I don't want to fight on this thread. I don't know why you do.
 
If you go to post 37 you will see that I am very aware that there is only one helicopter. I do not know why you have suddenly gone off on this tangent, but the track record I am referring to has been earlier referenced in this thread (there have been 3 serious incidents in 23 years involving police helicopters).

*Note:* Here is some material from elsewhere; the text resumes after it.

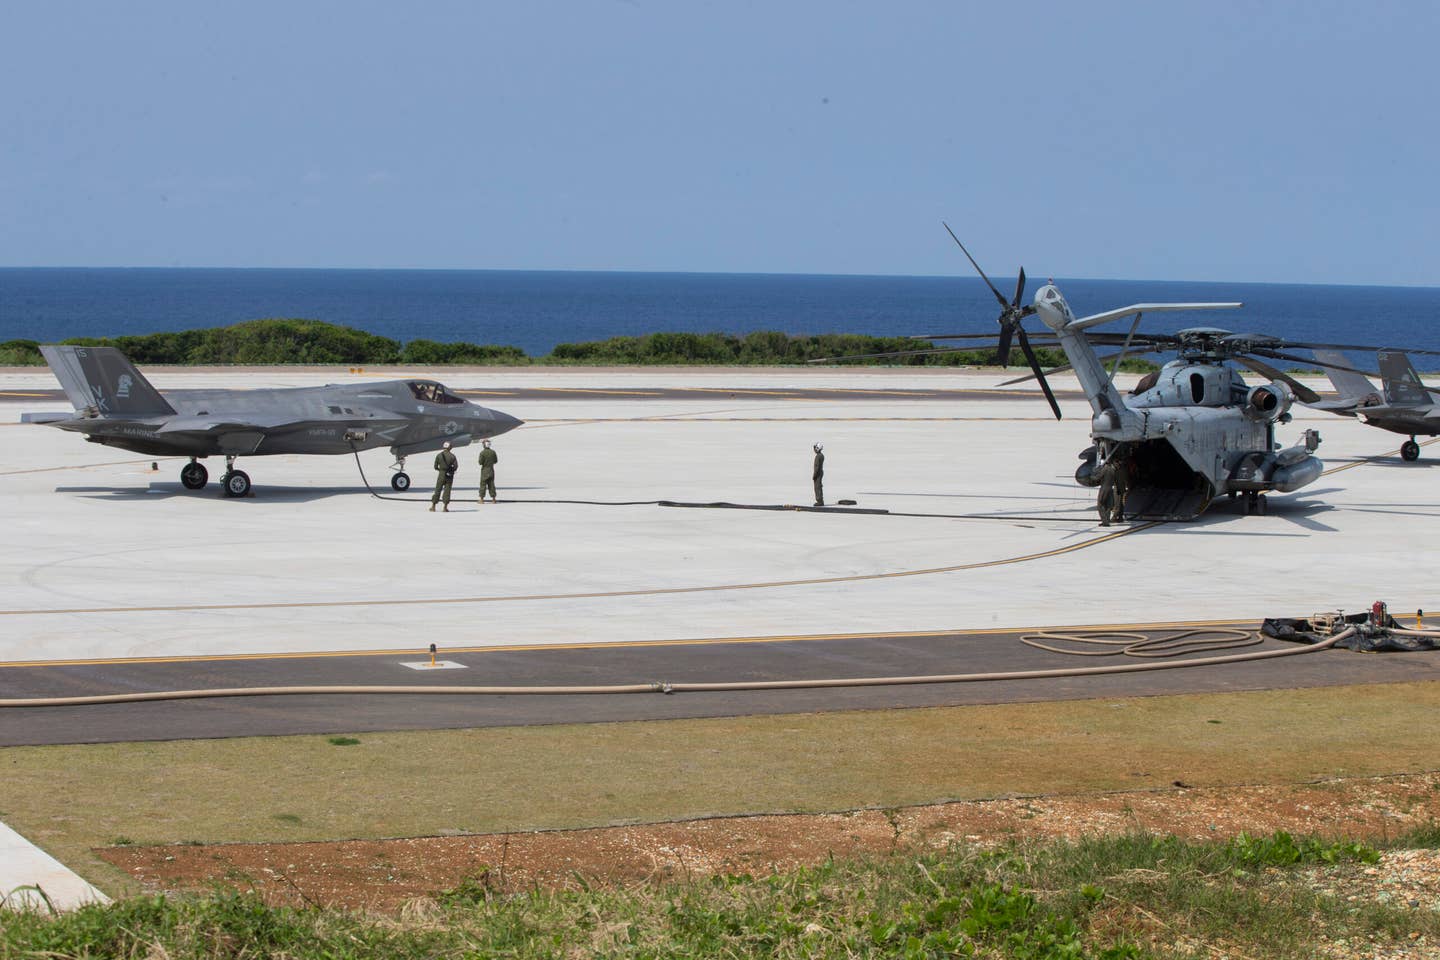 An F-35B Lightning II fighter aircraft with Marine Fighter Attack Squadron 121 refuels at an established Forward Arming and Refueling Point during simulated Expeditionary Advanced Base Operations at Ie Shima Training Facility, March 14, 2019. (U.S. Marine Corps photo by Lance Cpl. Dylan Hess)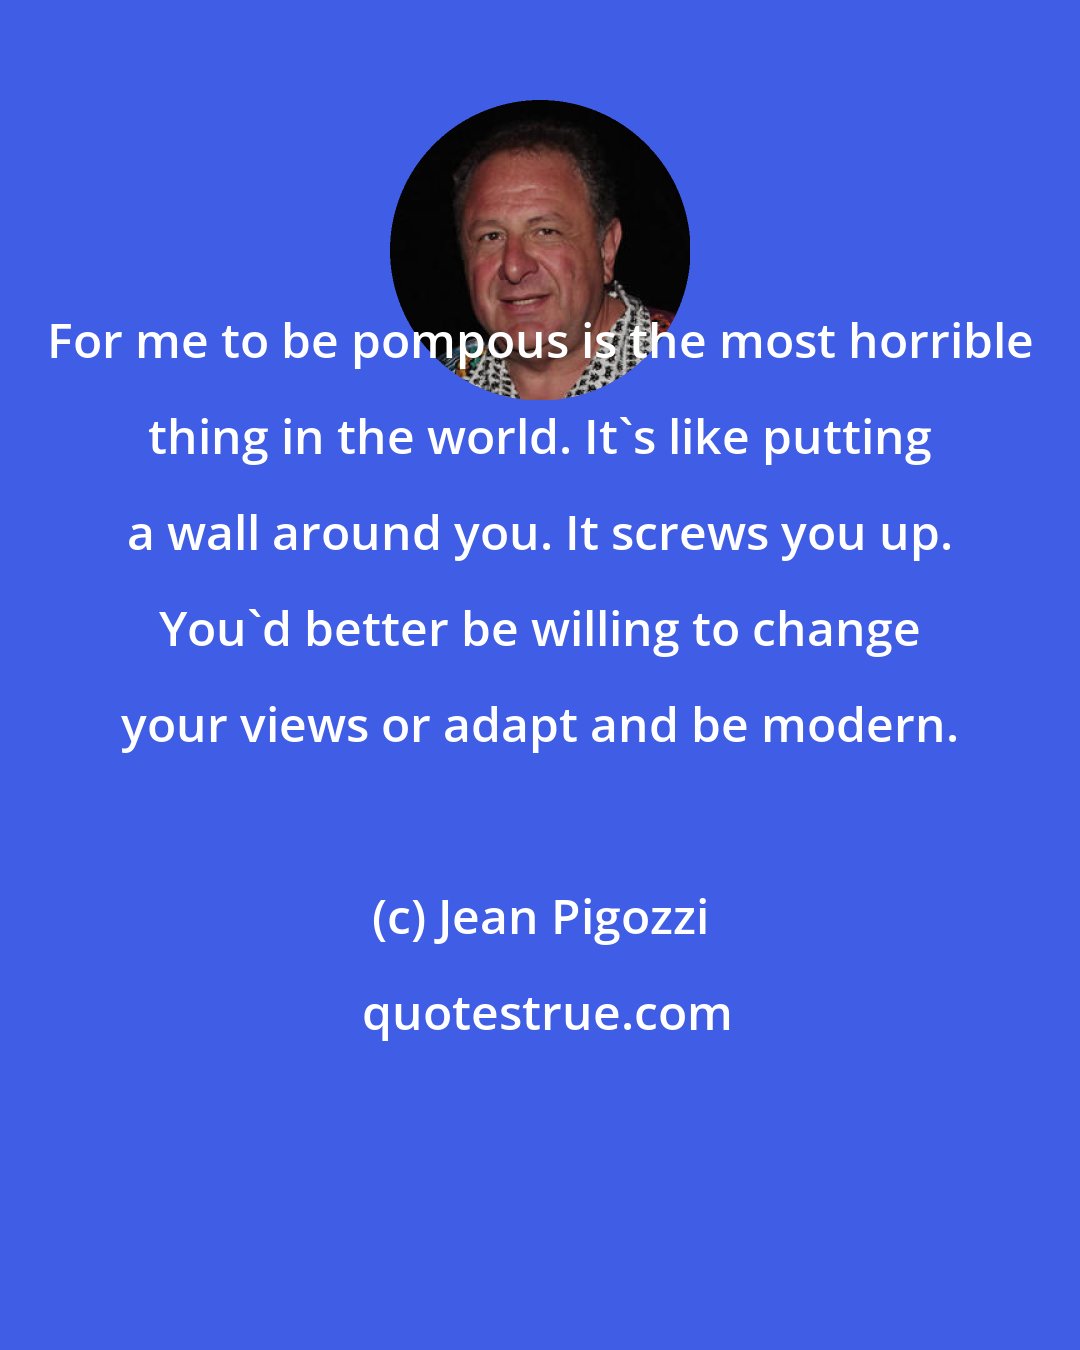 Jean Pigozzi: For me to be pompous is the most horrible thing in the world. It's like putting a wall around you. It screws you up. You'd better be willing to change your views or adapt and be modern.

I don't want to fight on this thread. I don't know why you do.
now i am aware of your knowledge. but i still don't understand why you feel it right and proper to say someone's being offensive when they're not, especially if you don't want people to react to it.
 
now i am aware of your knowledge. but i still don't understand why you feel it right and proper to say someone's being offensive when they're not, especially if you don't want people to react to it.
Because I do find it offensive, considering the pilot has barely been buried for 3 days and some of the victims for barely 24 hours, when people make tasteless jokes and statements about him deliberately crashing the helicopter into a building full of people.

This is a public site that could be read by the pilot's fiance, family and friends. There are a number of investigations already underway about 'offensive, racial or sectarian' comments around the accident. How do you think it would make any one of them feel to read comments along those lines? How would you feel if it was one of your relatives or friends that was dead and people were saying that about them?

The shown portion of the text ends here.